Task description:
Using the material below, print a verbatim copy of every line from the one containing "Tee Pee Wall" through the one containing "Andrea Zucchi, Parigi, 2009, penna", inclusive, and omit the pictures.

Extracted entries:
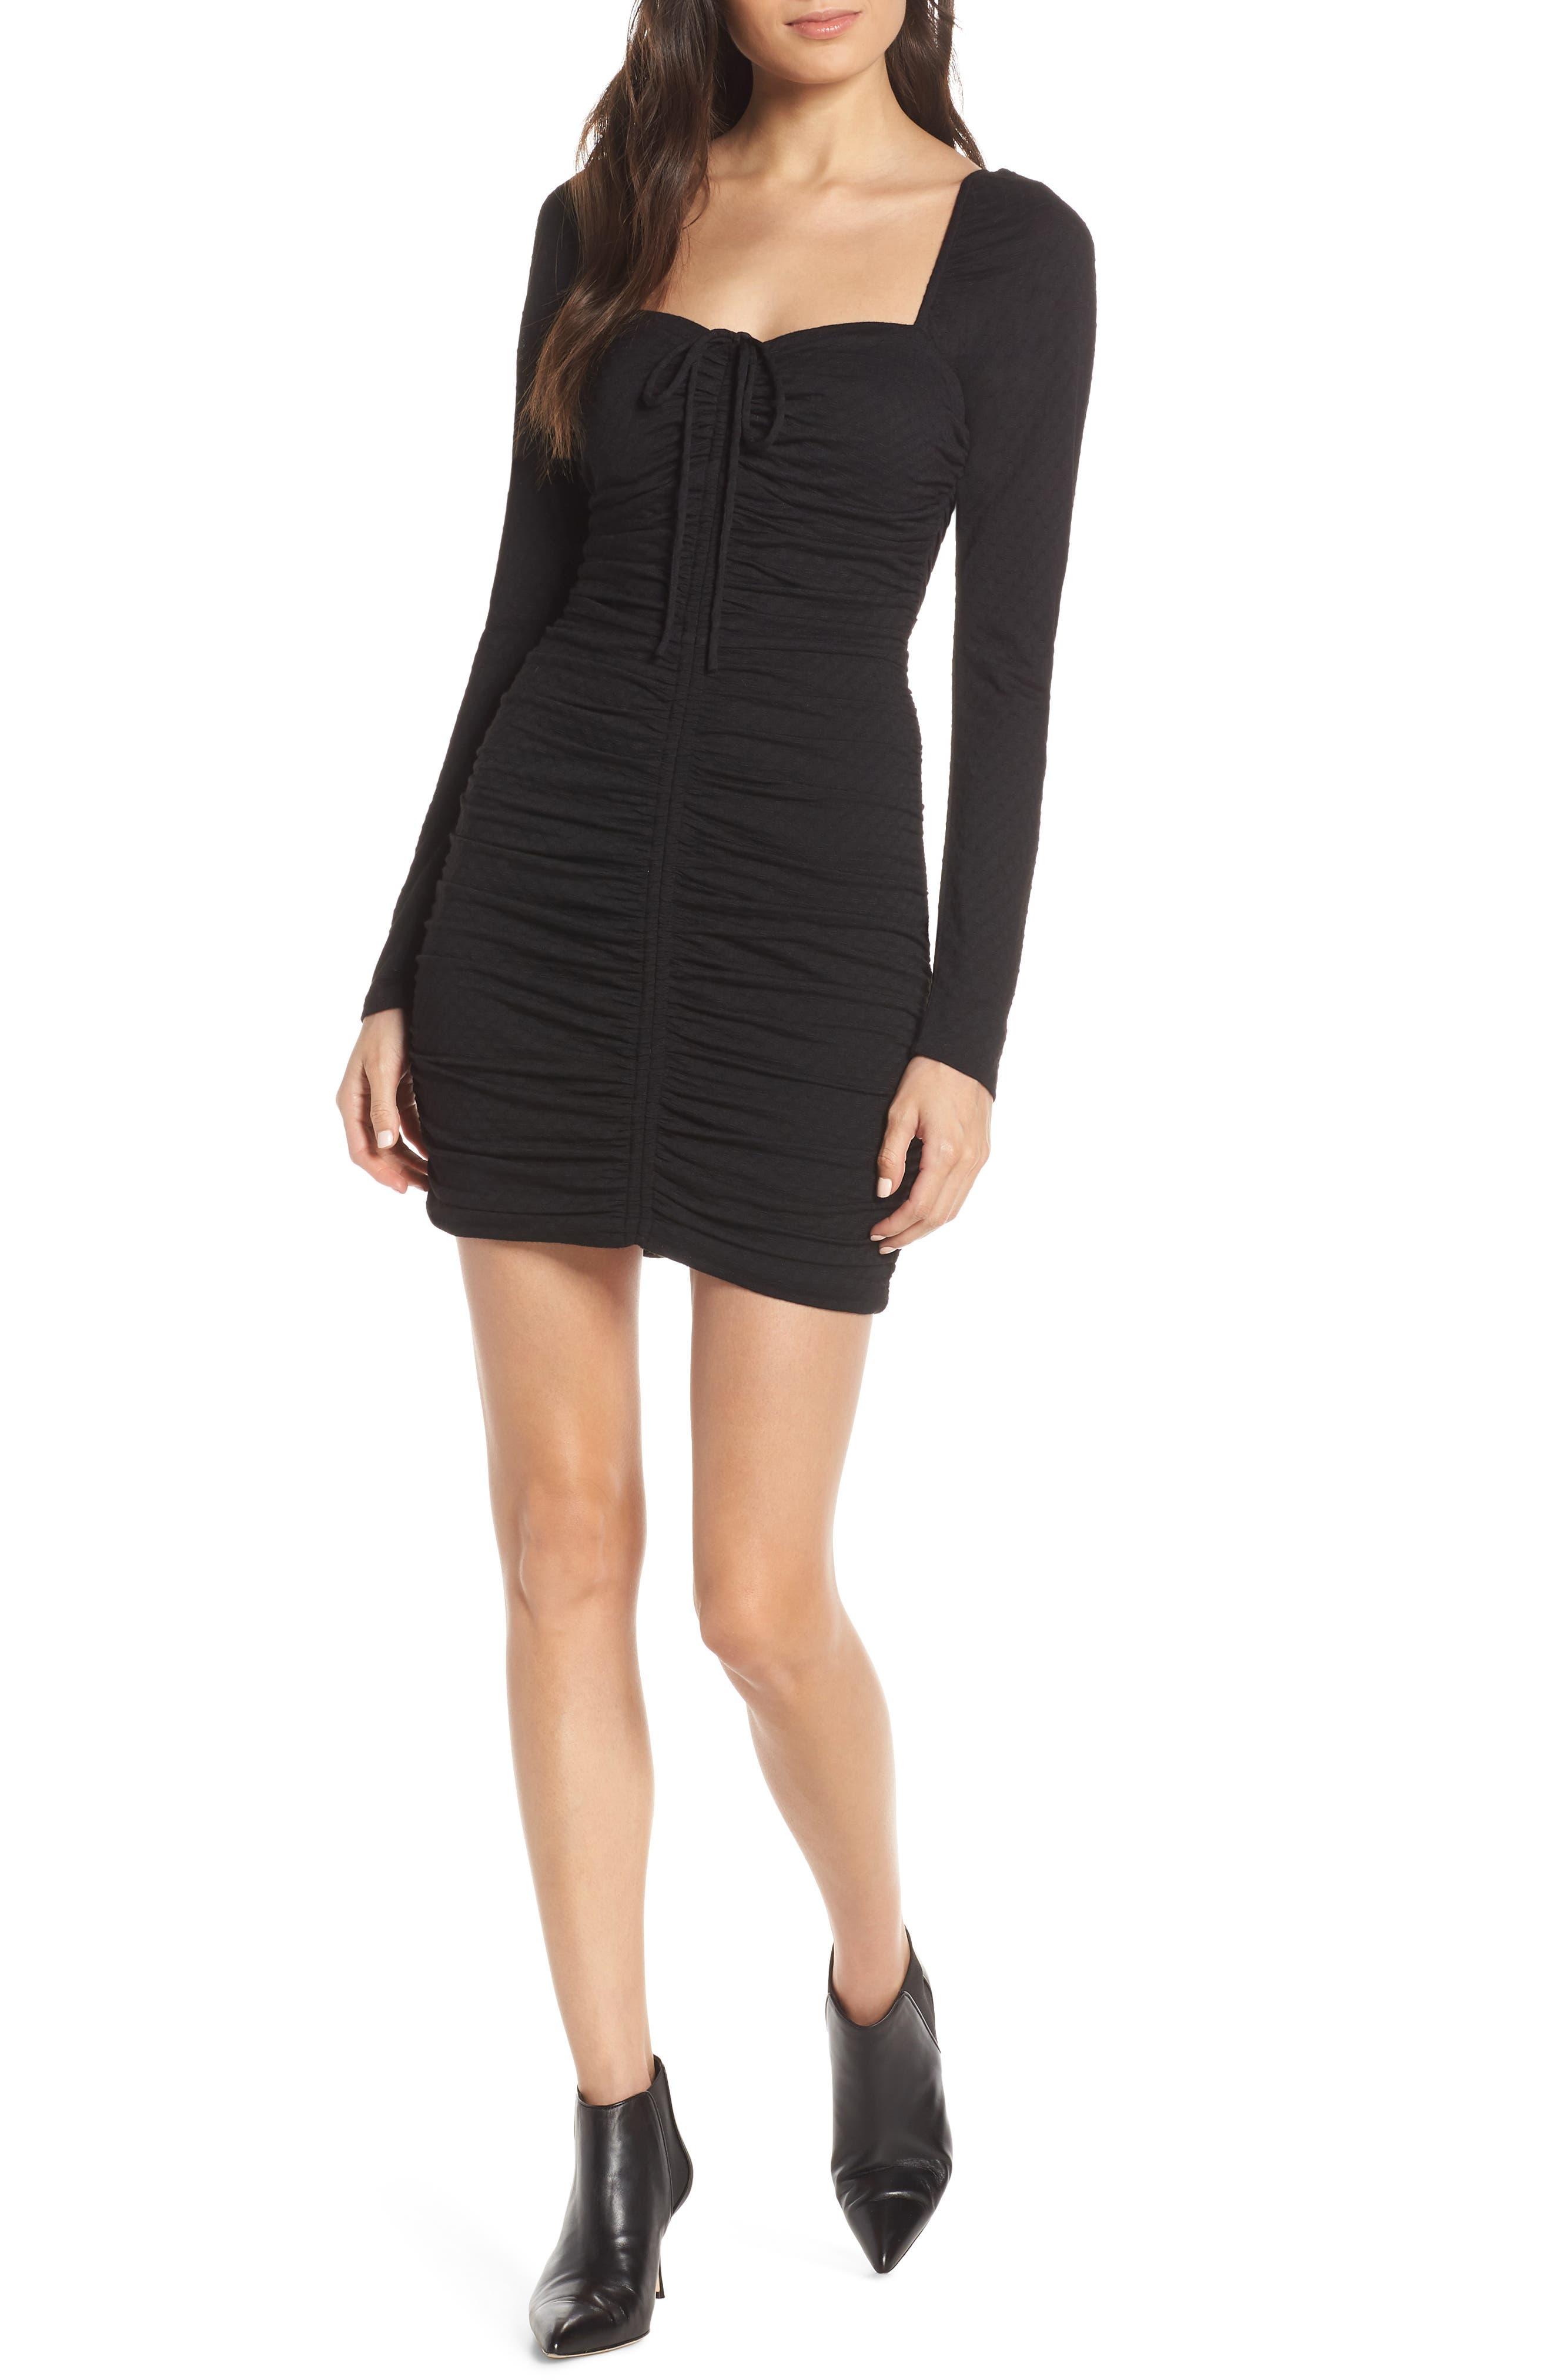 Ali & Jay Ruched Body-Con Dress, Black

--

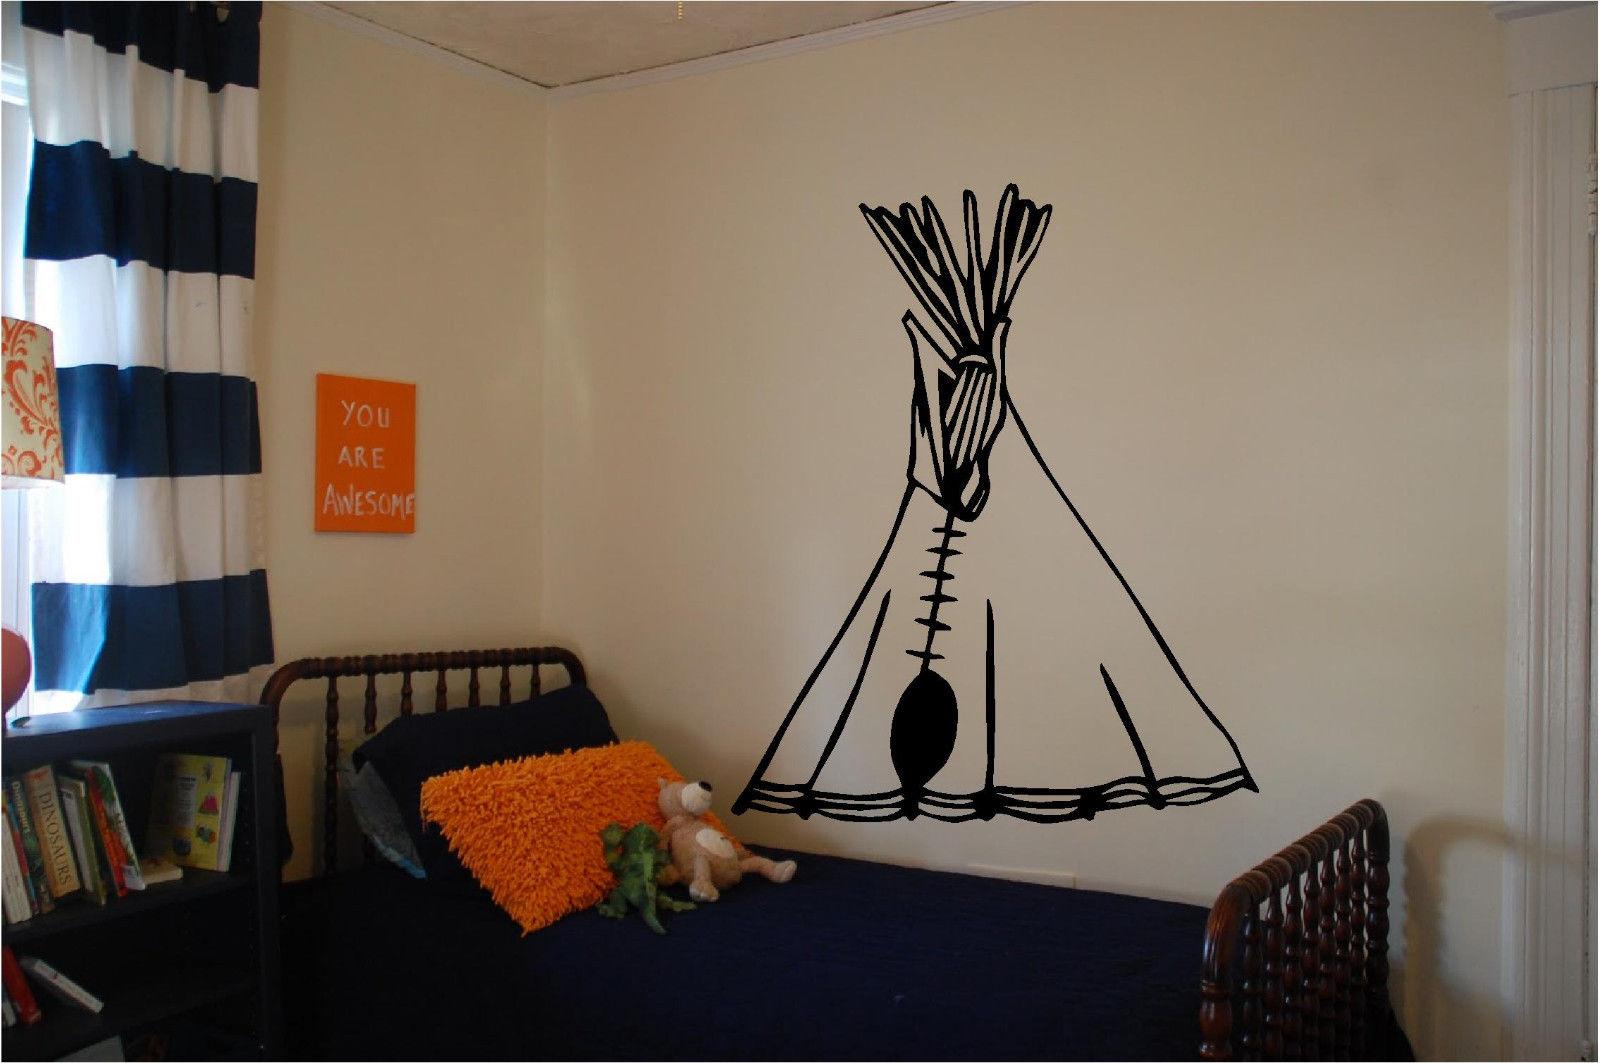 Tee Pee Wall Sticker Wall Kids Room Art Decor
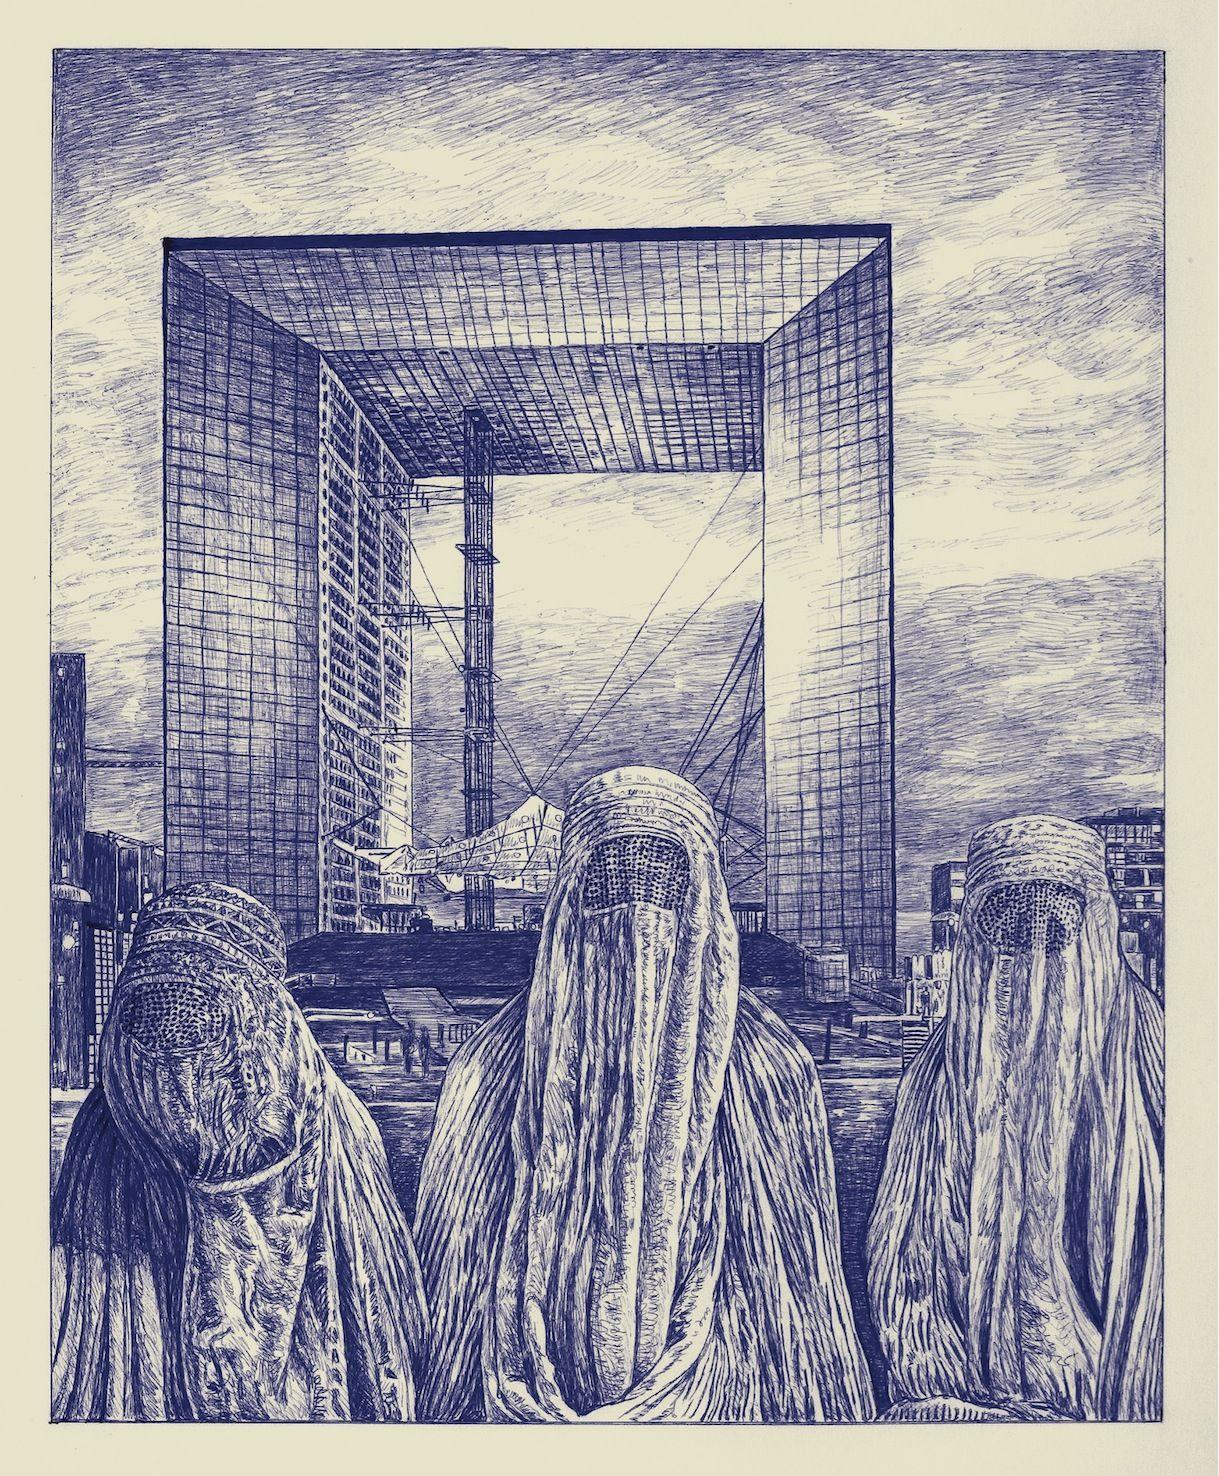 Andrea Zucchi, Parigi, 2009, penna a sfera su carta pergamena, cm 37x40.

--

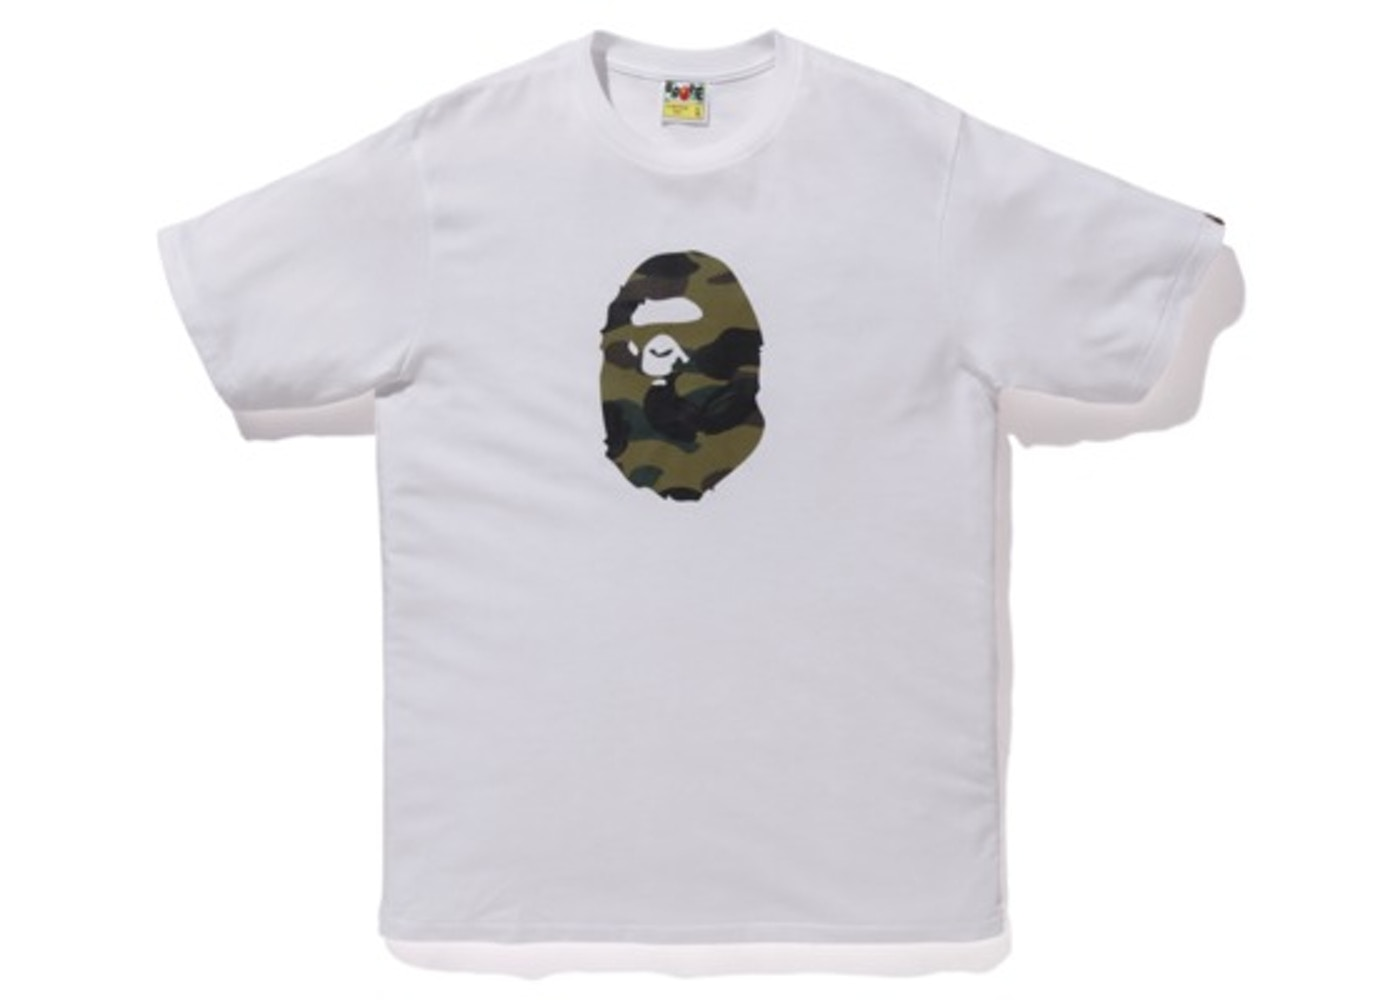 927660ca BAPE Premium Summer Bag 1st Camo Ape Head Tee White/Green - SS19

Finished exercise:
 Tee Pee Wall Sticker Wall Kids Room Art Decor
 Andrea Zucchi, Parigi, 2009, penna a sfera su carta pergamena, cm 37x40.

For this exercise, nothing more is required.